祖父が言っていた「邪気」を帯びてはいるが、結界を張るまでも無い「雑魚」のような気がする。結界より、祖父の真似をして邪気を祓ってみたい誘惑に駆られる竜斗。
(えーと、リン、ピョウ、トウ・・・・)
両手の指に一本ずつ気を込めてゆく。
(・・・レツ、ザイ、ゼン!っと)
この手技は二本指の手刀で格子模様を描くように縦横に切るのが普通なのだが、けさ教わったのは祖父のオリジナルヴァージョンで、力を溜めて圧縮し、一気に放つ。
(ていっ!)
祖父は剣を振り降ろすような動作だったが、竜斗は両方の掌で見えないボールを投げつけるような格好になってしまった。
竜斗が技を放った直後、鳩は驚いたように羽ばたき、そのまま飛び去って行った。

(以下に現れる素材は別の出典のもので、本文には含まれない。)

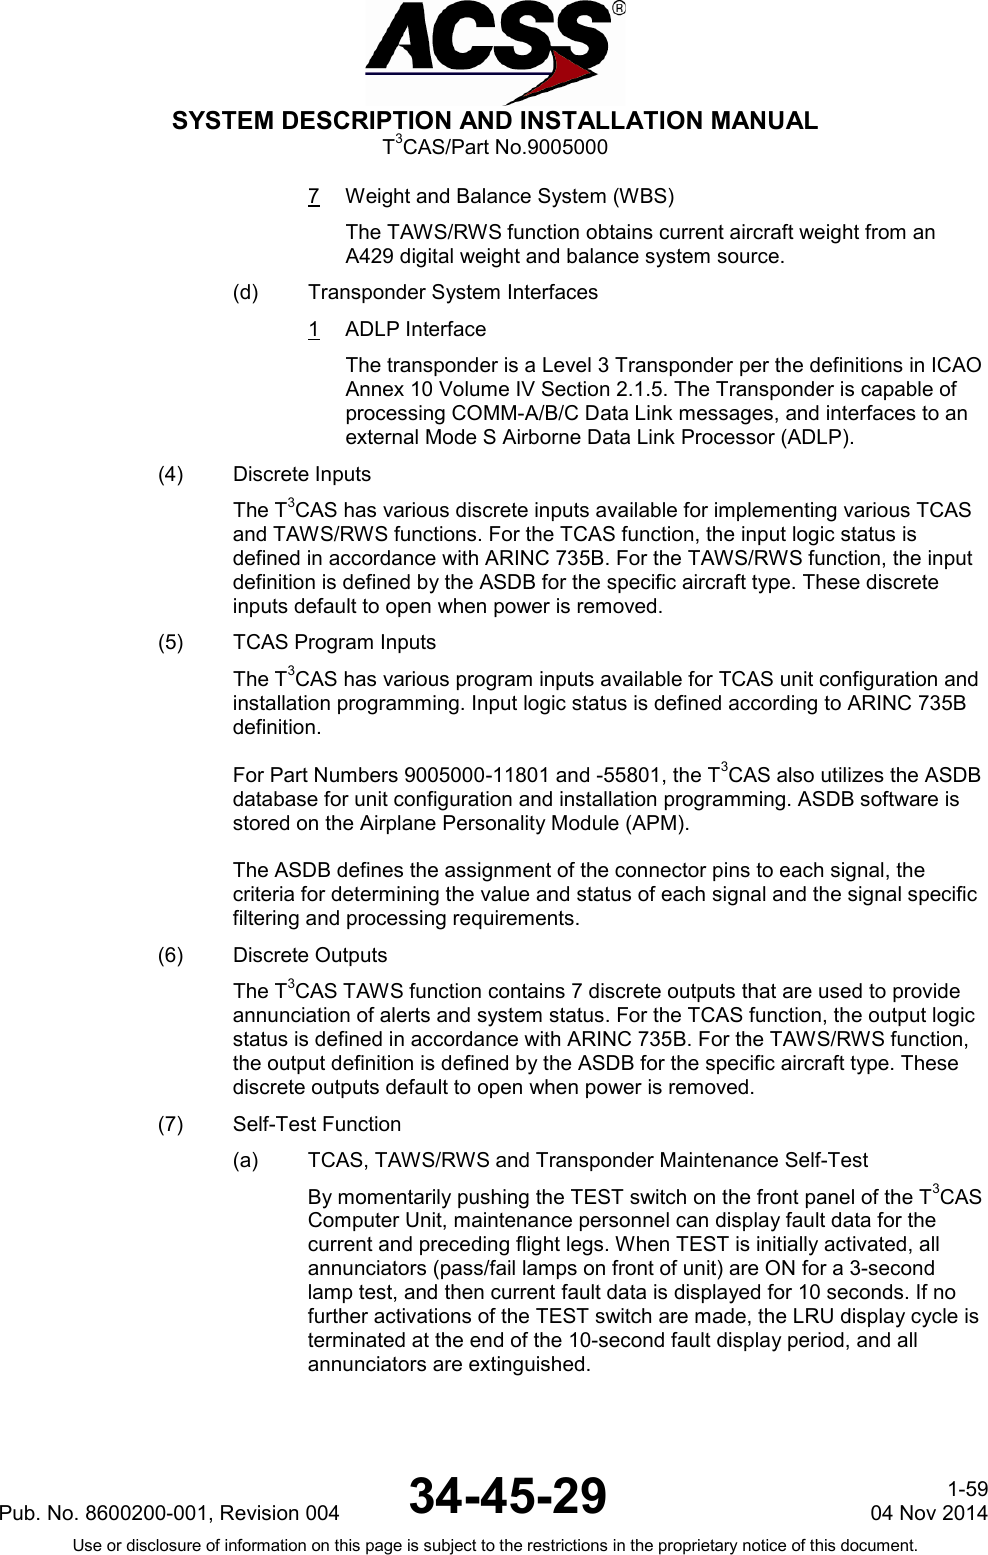  SYSTEM DESCRIPTION AND INSTALLATION MANUAL T3CAS/Part No.9005000 7  Weight and Balance System (WBS) The TAWS/RWS function obtains current aircraft weight from an A429 digital weight and balance system source. (d) Transponder System Interfaces 1  ADLP Interface The transponder is a Level 3 Transponder per the definitions in ICAO Annex 10 Volume IV Section 2.1.5. The Transponder is capable of processing COMM-A/B/C Data Link messages, and interfaces to an external Mode S Airborne Data Link Processor (ADLP). (4) Discrete Inputs The T3CAS has various discrete inputs available for implementing various TCAS and TAWS/RWS functions. For the TCAS function, the input logic status is defined in accordance with ARINC 735B. For the TAWS/RWS function, the input definition is defined by the ASDB for the specific aircraft type. These discrete inputs default to open when power is removed. (5) TCAS Program Inputs The T3CAS has various program inputs available for TCAS unit configuration and installation programming. Input logic status is defined according to ARINC 735B definition.  For Part Numbers 9005000-11801 and -55801, the T3CAS also utilizes the ASDB database for unit configuration and installation programming. ASDB software is stored on the Airplane Personality Module (APM).  The ASDB defines the assignment of the connector pins to each signal, the criteria for determining the value and status of each signal and the signal specific filtering and processing requirements. (6) Discrete Outputs The T3CAS TAWS function contains 7 discrete outputs that are used to provide annunciation of alerts and system status. For the TCAS function, the output logic status is defined in accordance with ARINC 735B. For the TAWS/RWS function, the output definition is defined by the ASDB for the specific aircraft type. These discrete outputs default to open when power is removed. (7) Self-Test Function (a) TCAS, TAWS/RWS and Transponder Maintenance Self-Test By momentarily pushing the TEST switch on the front panel of the T3CAS Computer Unit, maintenance personnel can display fault data for the current and preceding flight legs. When TEST is initially activated, all annunciators (pass/fail lamps on front of unit) are ON for a 3-second lamp test, and then current fault data is displayed for 10 seconds. If no further activations of the TEST switch are made, the LRU display cycle is terminated at the end of the 10-second fault display period, and all annunciators are extinguished.  Pub. No. 8600200-001, Revision 004 34-45-29 1-59 04 Nov 2014 Use or disclosure of information on this page is subject to the restrictions in the proprietary notice of this document.

墜落することはなく、糞を落としただけだった。
(これでは痛い中二病患者に見られるだけか)
技の手応えは感じたのだが、人目を気にする竜斗。
「オゥ、『カ×ハ×波』でスか?」(伏せ字になっていない)
トオルは面白がっている。平和な昼休みだ。(?)
一般に鳥類は、飛行の妨げとならないよう、糞尿は貯えずに垂れ流す。竜斗の技に驚かされて鳩が飛んだ時、例の喫茶店の二階にいた倉城ミヤも椅子から飛び上がった。今回、転げ落ちはしなかったものの、・・・
「ッポゥ、漏らしちまったじゃないか」
文字通り鳩が豆鉄砲を食らったような顔で、
「ッポゥ、今度から尿漏れ対策が要るのかねぇ」
着替えの下着を探す母であった。
今後は週1〜2回の更新を目指したいです。